The more experience and knowledge I acquire, the more I believe in the "less is more" theory. Although I love to experiment and try new methods and tools, I will always incorporate some essential bodyweight exercises into my fighter programs. Your body is truly your greatest "piece of equipment," and there is no membership fee required to use it.

My favorites change on a weekly basis, so this is not an exclusive list. But here are my current top five bodyweight exercises for MMA athletes. (See the video below for more details on how to perform each exercise.)

1. Upper Body Pull: Pull-Ups
To develop upper body strength, the Pull-Up is still king. It engages several muscle groups in the shoulders, back and arms—including the delts, traps and biceps—plus, studies have shown that Pull-Ups also activate the ab muscles. With so many muscles recruited, this compound exercise should be a keystone in your program.

Variations include band-assisted Pull-Ups for people still developing strength and weighted and plyometric Pull-Ups for advanced athletes. Grips vary as well. Because they a bit more shoulder-, elbow- and wrist-friendly, I prefer to go with a pronated grip (palms facing away from body) or a neutral grip (palms facing each other), as opposed to a supinated grip (palms facing body).

MMA Skills Improved: Controlling your opponent on the ground or along the cage

Band-Assisted Pull-Ups (Beginner): 3x8-12
Pull-Ups (Intermediate): 3x8-12
Plyo Pull-Ups (Advanced): 4x8-12

2. Upper Body Push: Push-Ups

Push-Ups are another staple bodyweight exercise. When done properly, they force you to engage your entire body, from your feet to your fingertips. To protect your lower back and shoulders, keep your body stiff and engaged throughout the movement.

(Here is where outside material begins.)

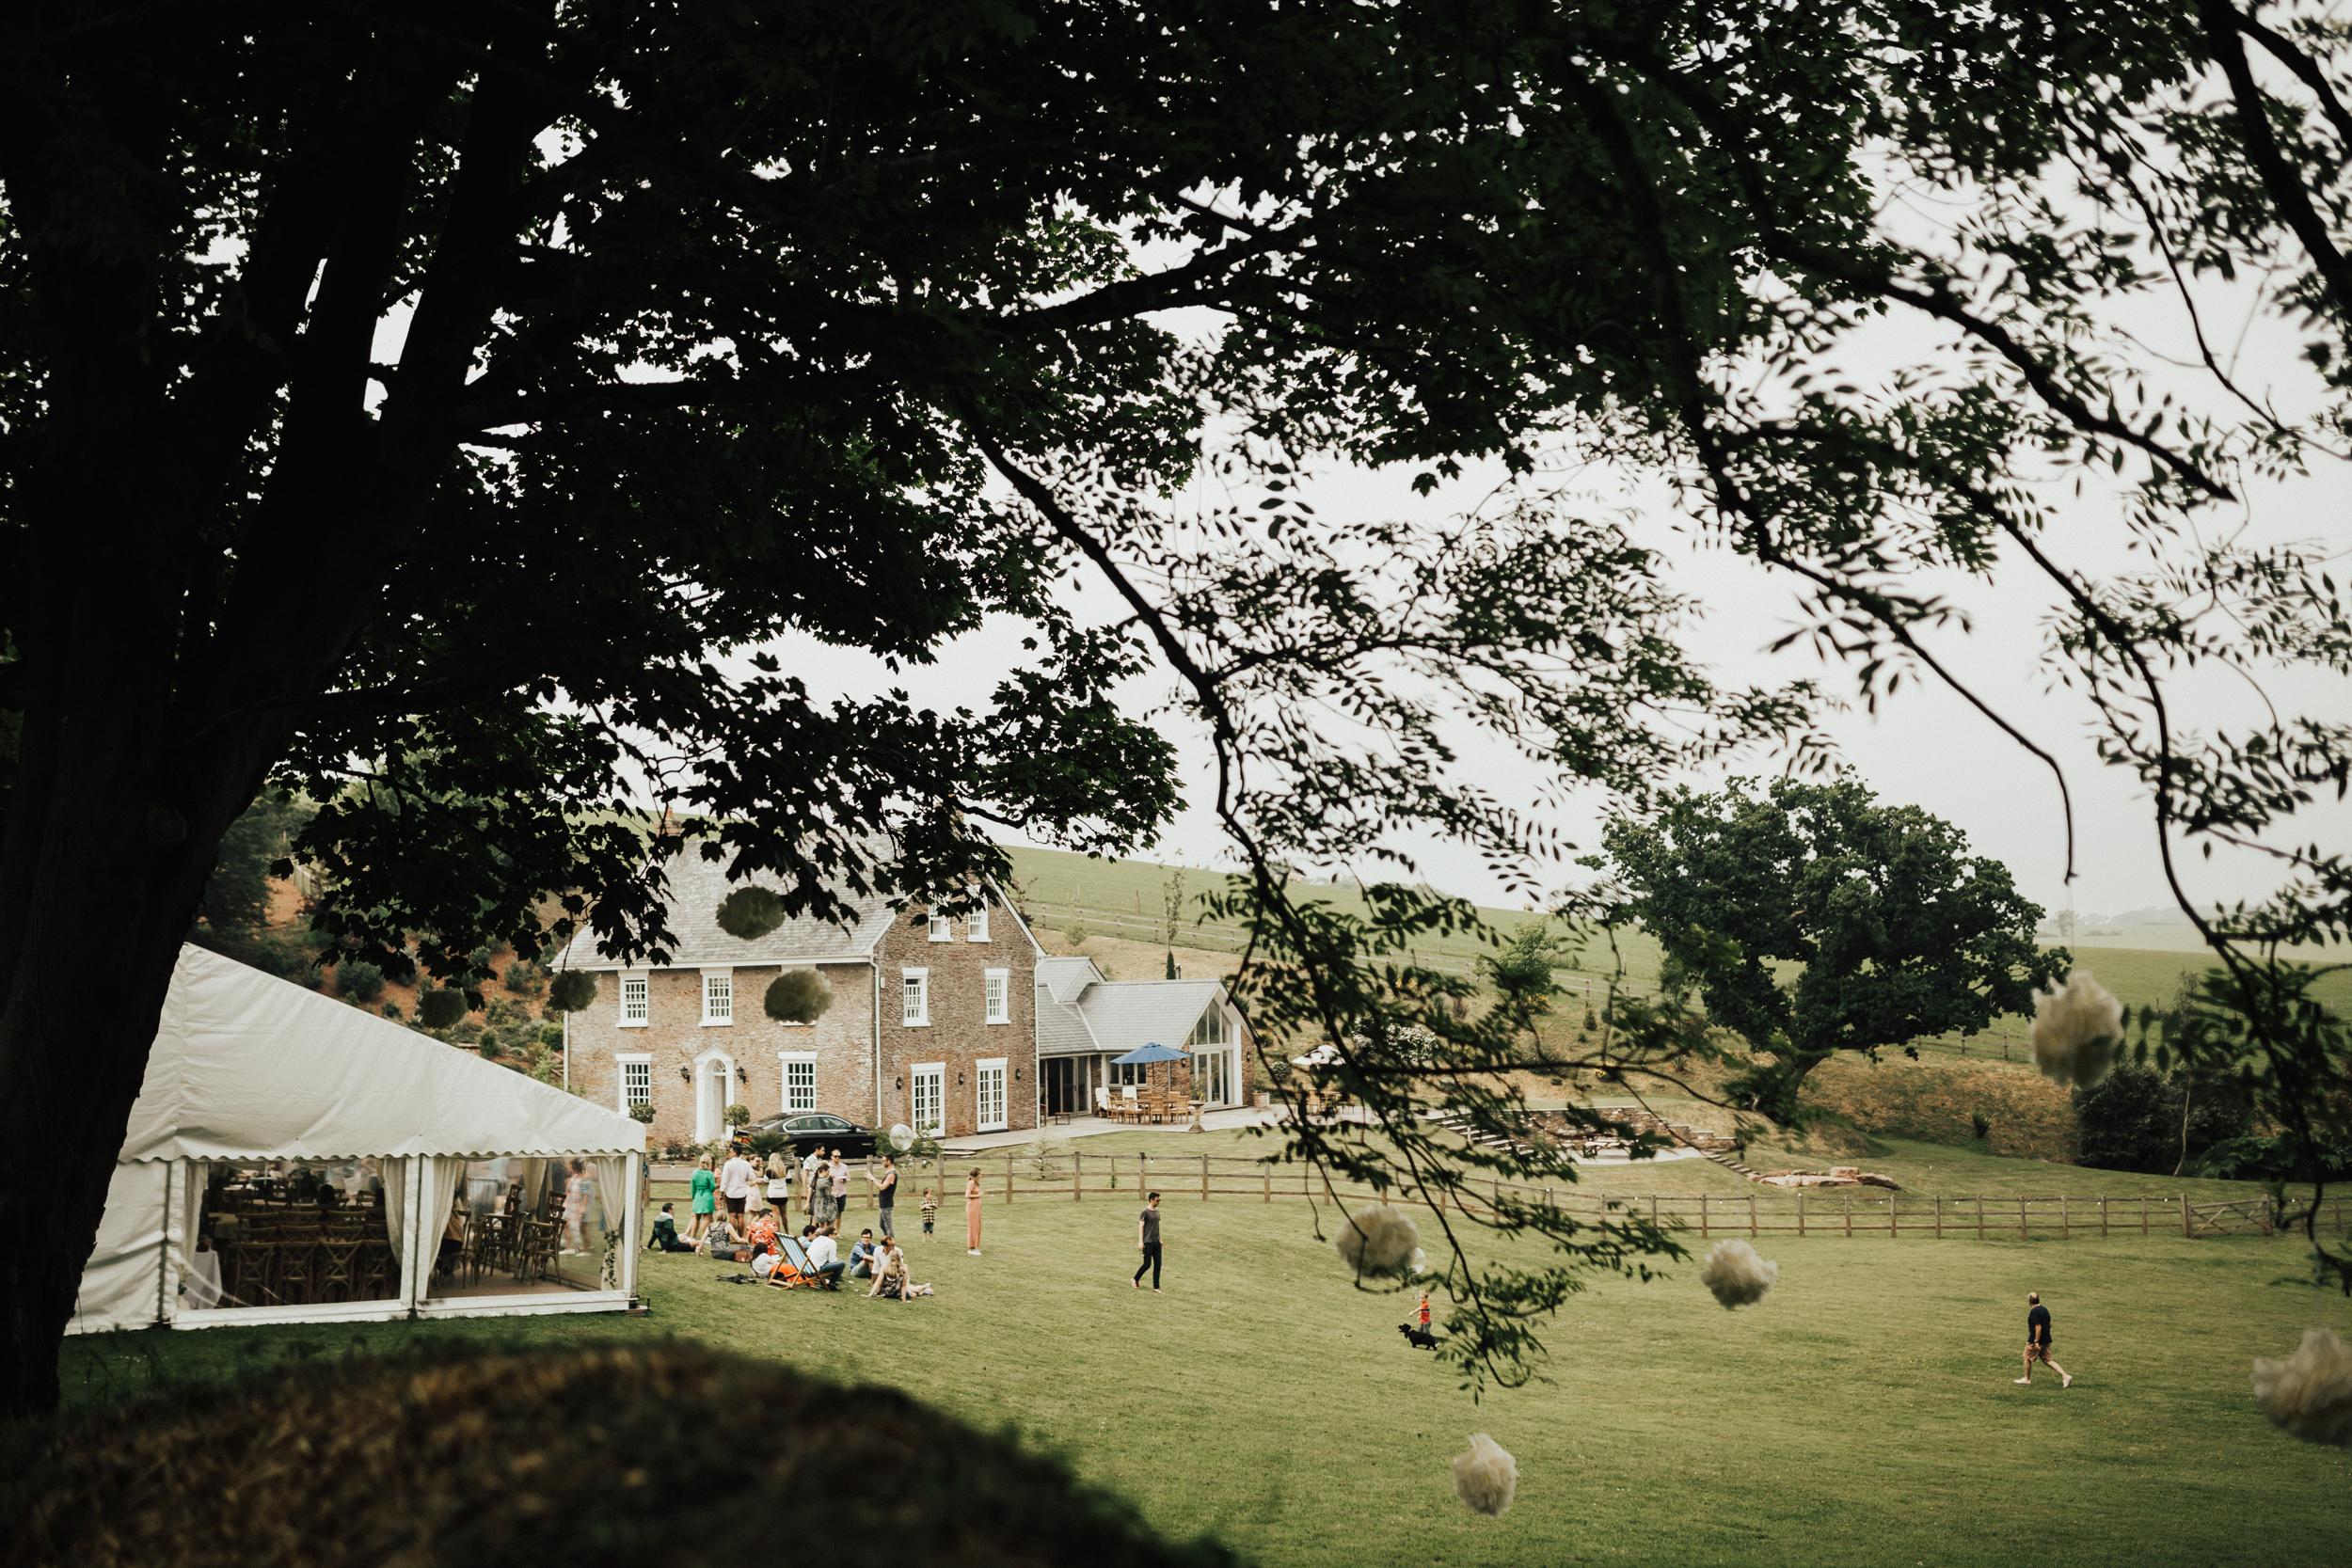 Rach-Stefan-Wedding-Devon-South-Slapton-Sands-Boho-Photography-Darina-Stoda-Day-After-11.jpg

I recommend performing three variations, in order of difficulty—Bench Push-Up, Plyo Bench Push-Up and Around-the-World Plyo Push-Up—to develop strength and power.

MMA Skills Improved: Punches, kicks and takedowns; the ability to create space between you and your opponent

Bench Push-Up (Beginner): 3x8-12
Plyo Bench Push-Up (Intermediate): 3x8-12
Around-The-World Plyo Push-Up: 2-3x6 each direction

3. Midsection/Mobility: Inchworms

This movement provides a great backside stretch for the hamstrings, calves and Achilles, as well as developing stability and strength for the trunk and shoulder joints. The version demonstrated in the video includes a small hop to get you into a deep Squat position,which aids with hip joint mobility.

MMA Skills Improved: Overall mobility; kicks

Inchworm (all levels): 3x6

4. Lower Body: Broad Jumps

One of my favorite exercises to develop lower body power is the Broad Jump. Generally speaking, power is the ability to generate force as quickly as possible, which is crucial for MMA athletes. If you can train your body to be quicker and more powerful, you'll be much more dangerous in the octagon. Work your way up to Broad Jumps by mastering the beginner and intermediate levels first.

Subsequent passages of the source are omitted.